FDA intends to consider exercising such discretion when all of the following factors are present:
The agency emphasizes that this guidance does not apply if the lecithin derived from soy used as a component of a release agent does not comply with the Food Chemicals Codex specifications or if the lecithin derived from soy is used other than as a component of a release agent as described in this guidance.
(1) FDA has previously advised food manufacturers that the names "soy," "soya," and "soybeans" are all acceptable names for this legume. http://www.cfsan.fda.gov/~dms/alrguid.html. In this guidance document, FDA uses the term "soy."
(2) In this document, the term "release agent" refers to an agent used to facilitate the release of foods (such as baked goods) from food contact surfaces, such as conveyor belts, molds, extrusion equipment, and baking pans, where the agent has been applied directly to the food contact surface, rather than incorporated into the food for such purpose.
(3) 21 CFR 101.100(a)(3) exempts from the ingredient declaration requirement any incidental additive that is present in a food at insignificant levels and has no functional or technical effect in the food.
(4) Under the petition process, an ingredient may be exempt if the petitioner demonstrates that the ingredient does not cause an allergic response that poses a risk to human health. Under the notification process, an ingredient may be exempt if the notification contains scientific evidence that demonstrates that the ingredient does not contain allergenic protein, or if FDA previously has determined, under section 409 of the Act, that the food ingredient does not cause an allergic response that poses a risk to human health.
(5) [Draft] Report of the Threshold Working Group, Center for Food Safety and Applied Nutrition: Approaches to Establish Thresholds for Major Food Allergens and for Gluten in Food ([Draft] Threshold Report) at p. 11-12. See 70 Fed. Reg. 35258 (June 17, 2005), and http://www.cfsan.fda.gov/~dms/alrgn.html.
(6) Draft Threshold Report at p. 51.
(7) The lecithin affirmed as GRAS may be bleached with hydrogen peroxide or benzoyl peroxide. Also, enzyme-modified lecithin is affirmed as generally recognized as safe for use as an emulsifier, 21 CFR 184.1063), and hydroxylated lecithin is an approved food additive for use as an emulsifier, 21 CFR 172.814.
(8) This information on the relatively low number of consumer complaints must, of course, be considered in the current regulatory context in which processing aid uses of lecithin derived from soy are not uniformly declared on food labels. In the absence of such declaration, a food allergic consumer who experiences an adverse reaction to a food product may not associate that reaction with soy because the label does not declare its presence in the food.
(9) FDA believes that at least some food manufacturers, relying on 21 CFR 101.100(a)(3) prior to FALCPA's enactment, did not consistently identify lecithin derived from soy in a food's ingredient statement when the substance was used as a component of a release agent. Thus, consumers, including soy-allergic consumers, were likely consuming these small amounts of lecithin derived from soy (with its low level of soy protein) when they consumed these foods.

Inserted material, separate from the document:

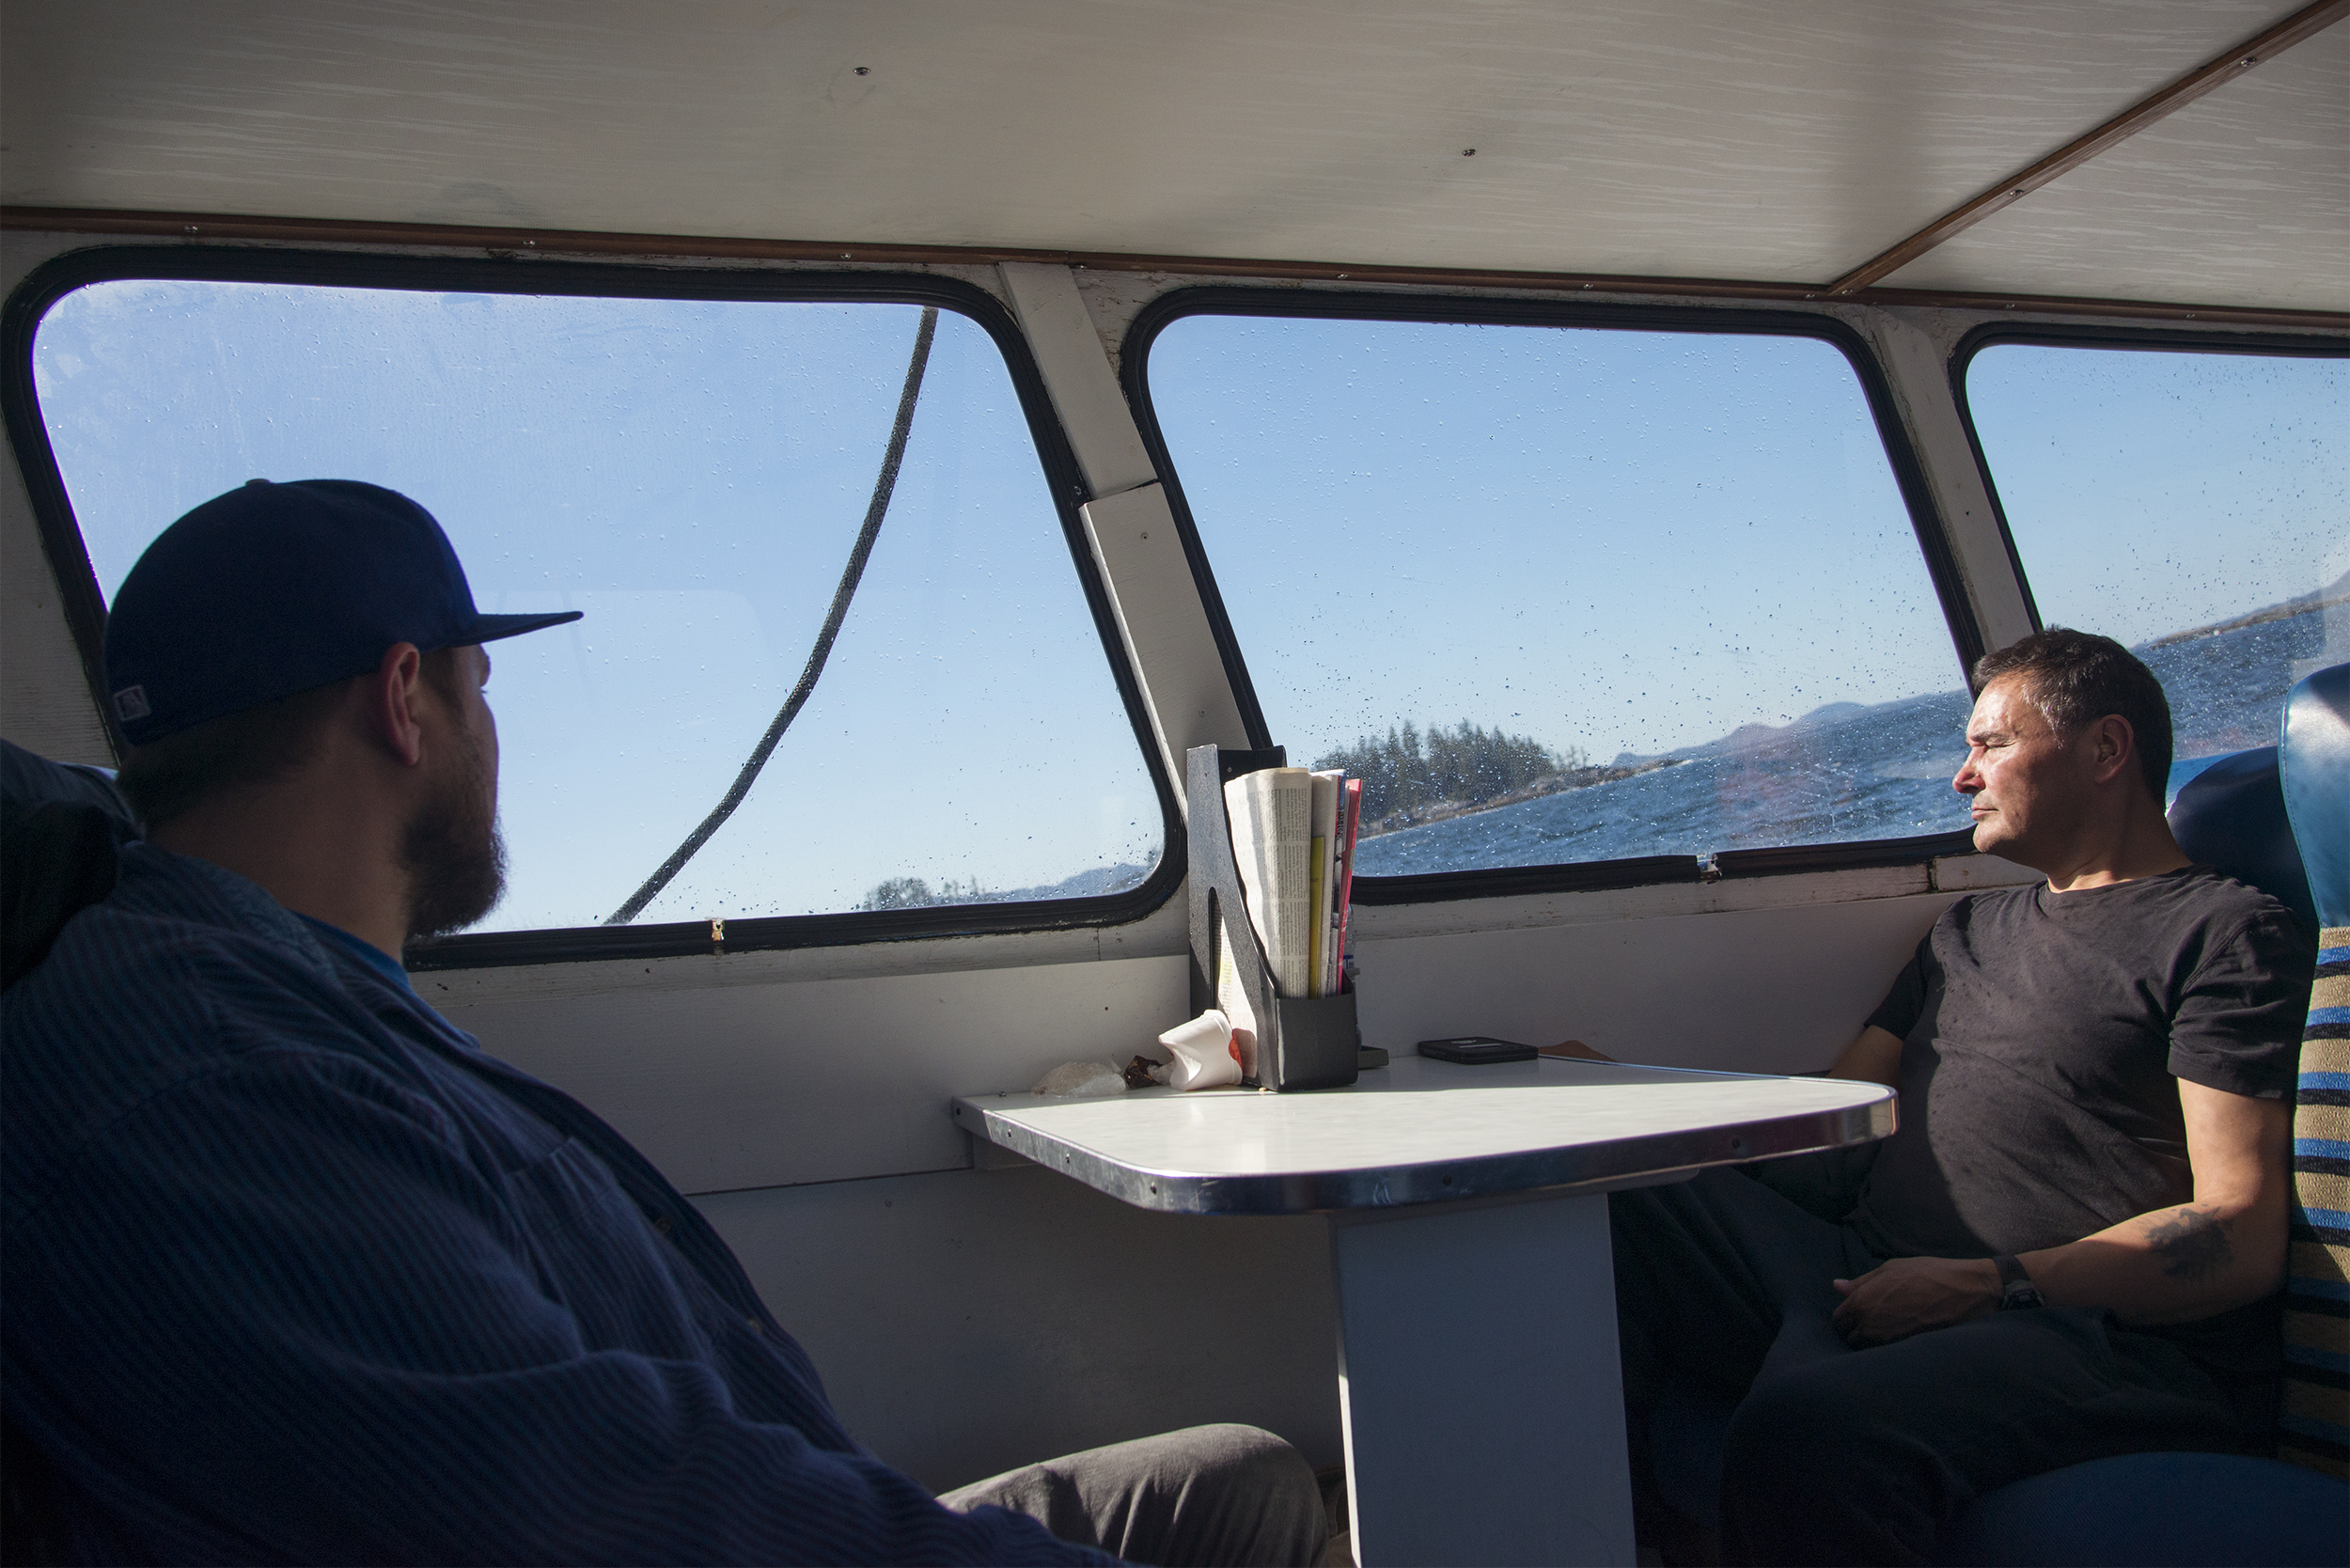 With the boat rocking and the horizon pitching, William Beynon of the Metlakatla Stewardship Society concentrates on the central coast scenery. Photo by Shanna Baker
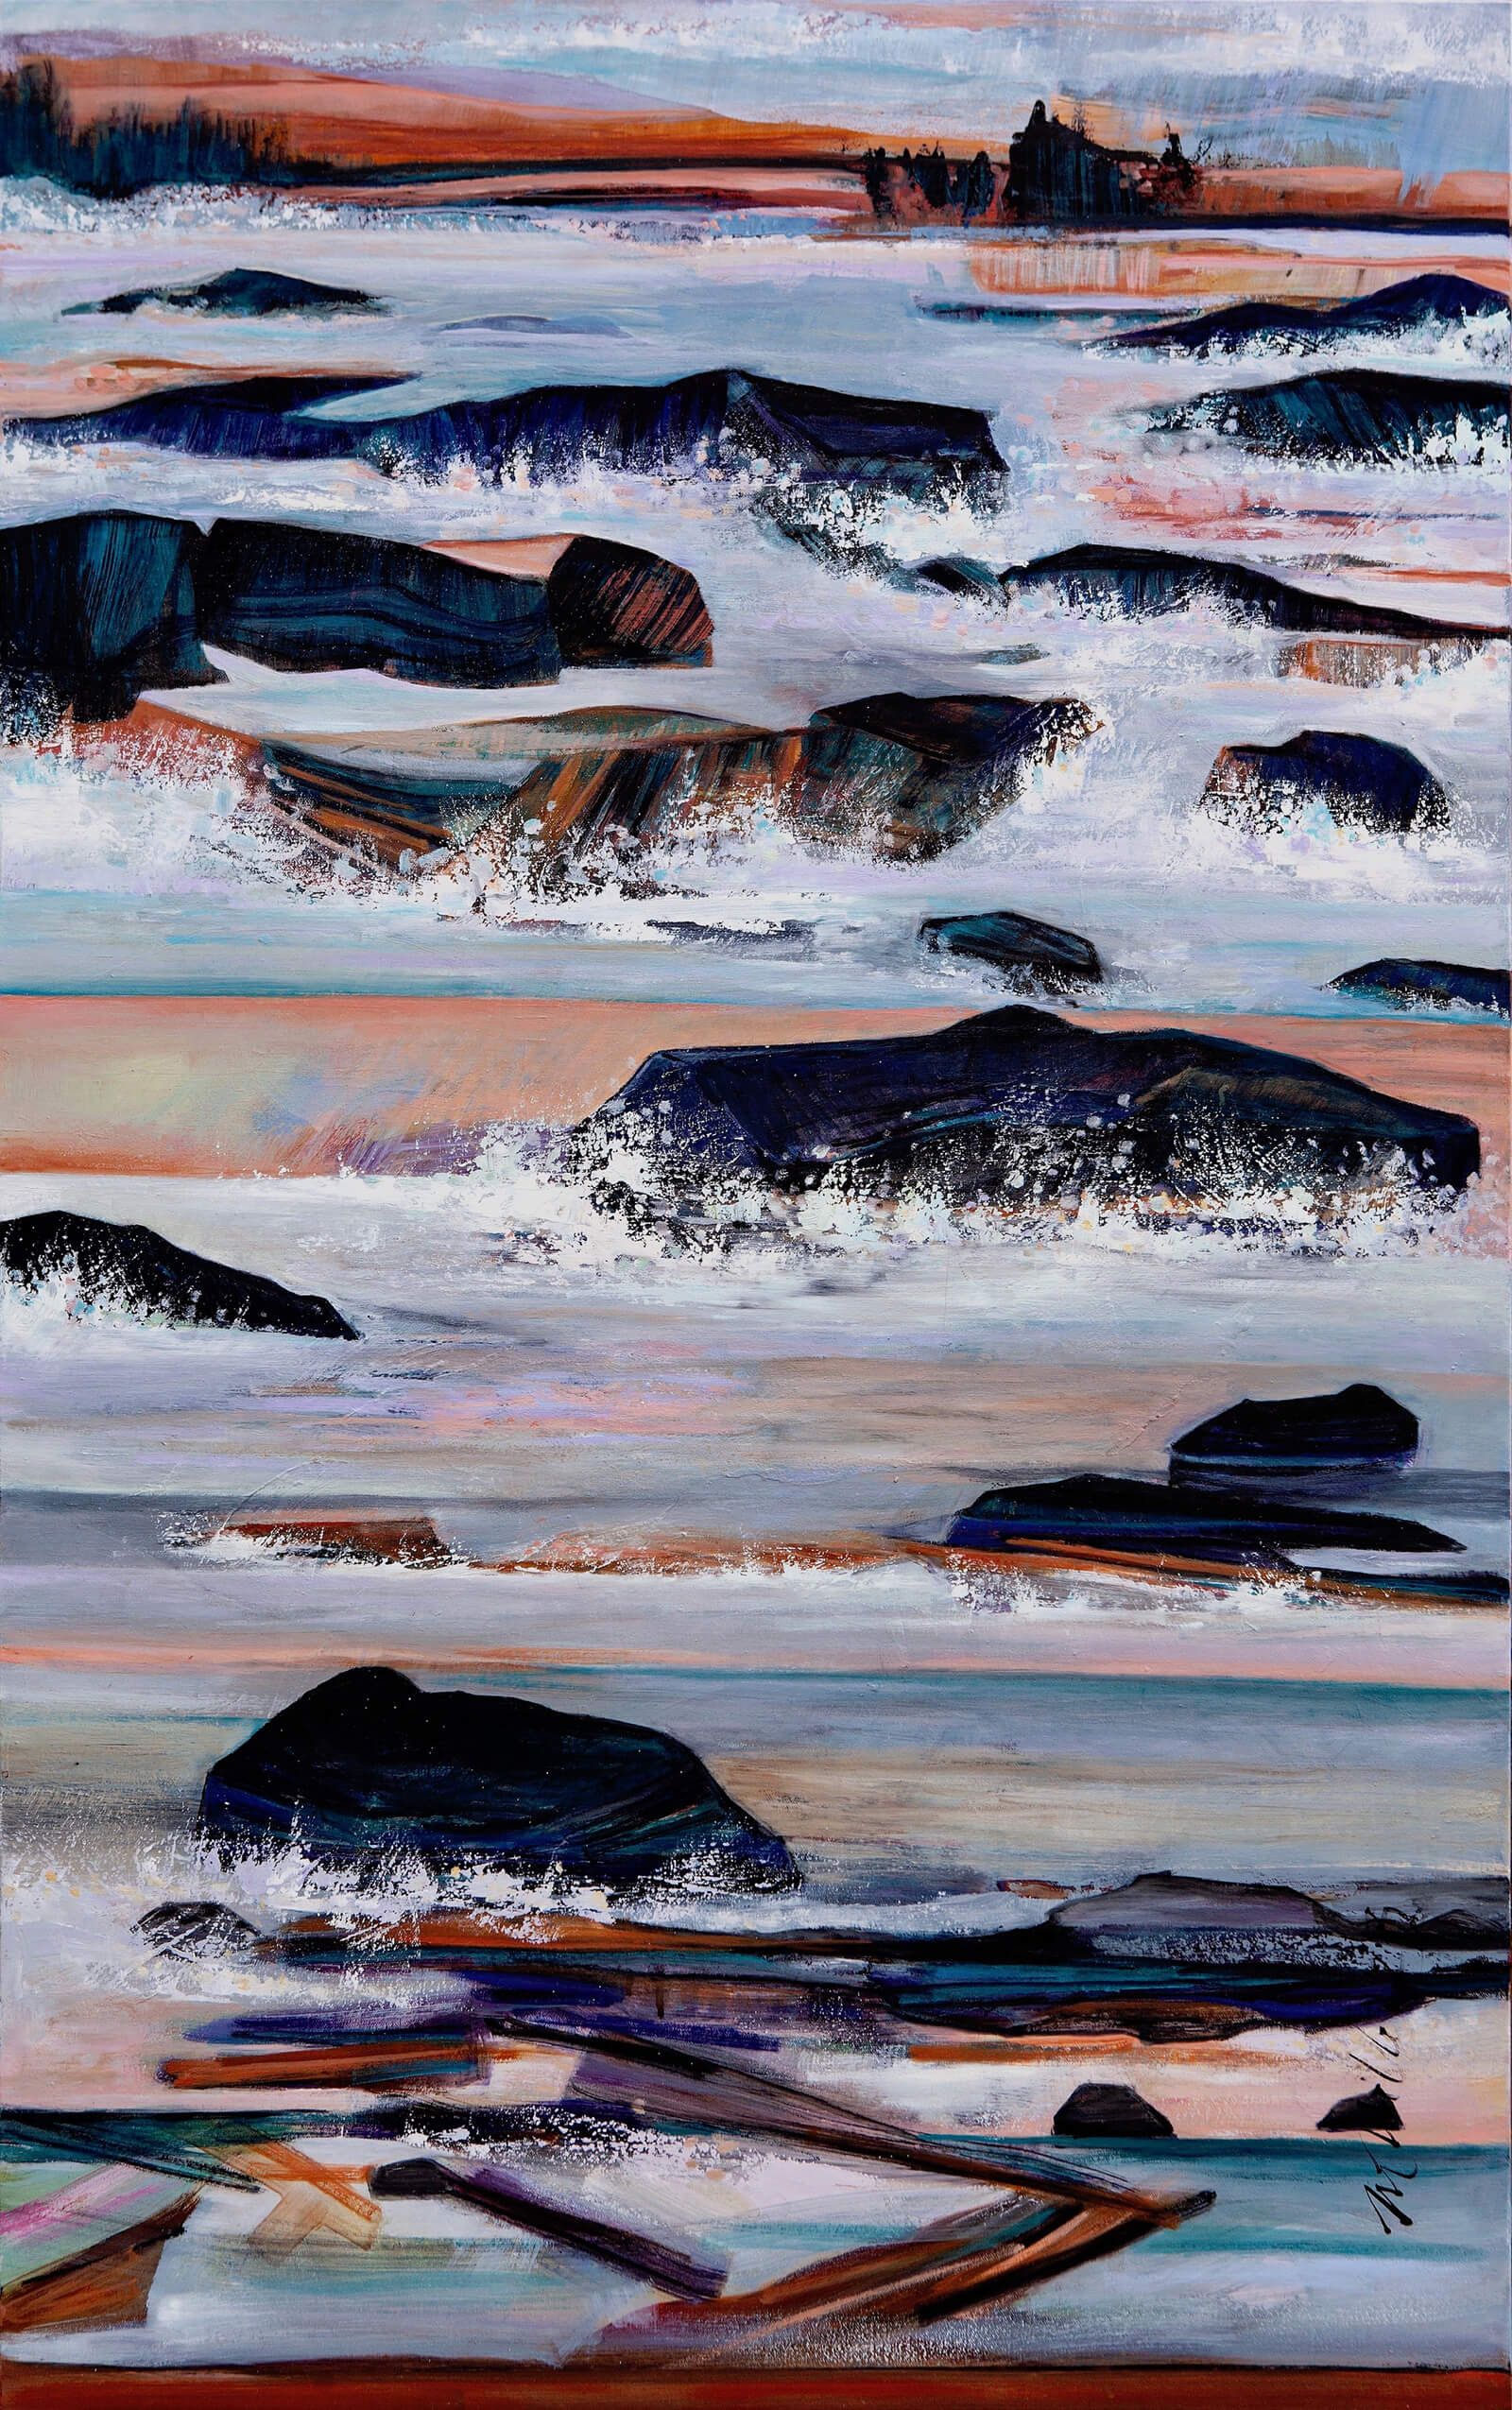 Gauging the Tides - 48x30 inches - oils and cold wax

(10) Foods labeled prior to January 1, 2006, are not required to comply with FALCPA's labeling requirements so FDA need not consider the exercise of such discretion with respect to foods labeled before January 1, 2006.
(11) FDA encourages lecithin producers to reduce, to the extent possible, the level of protein in their soy lecithin products and also encourages food manufacturers using lecithin derived from soy as a component of a release agent to reduce, to the extent possible, the level of soy lecithin in finished foods.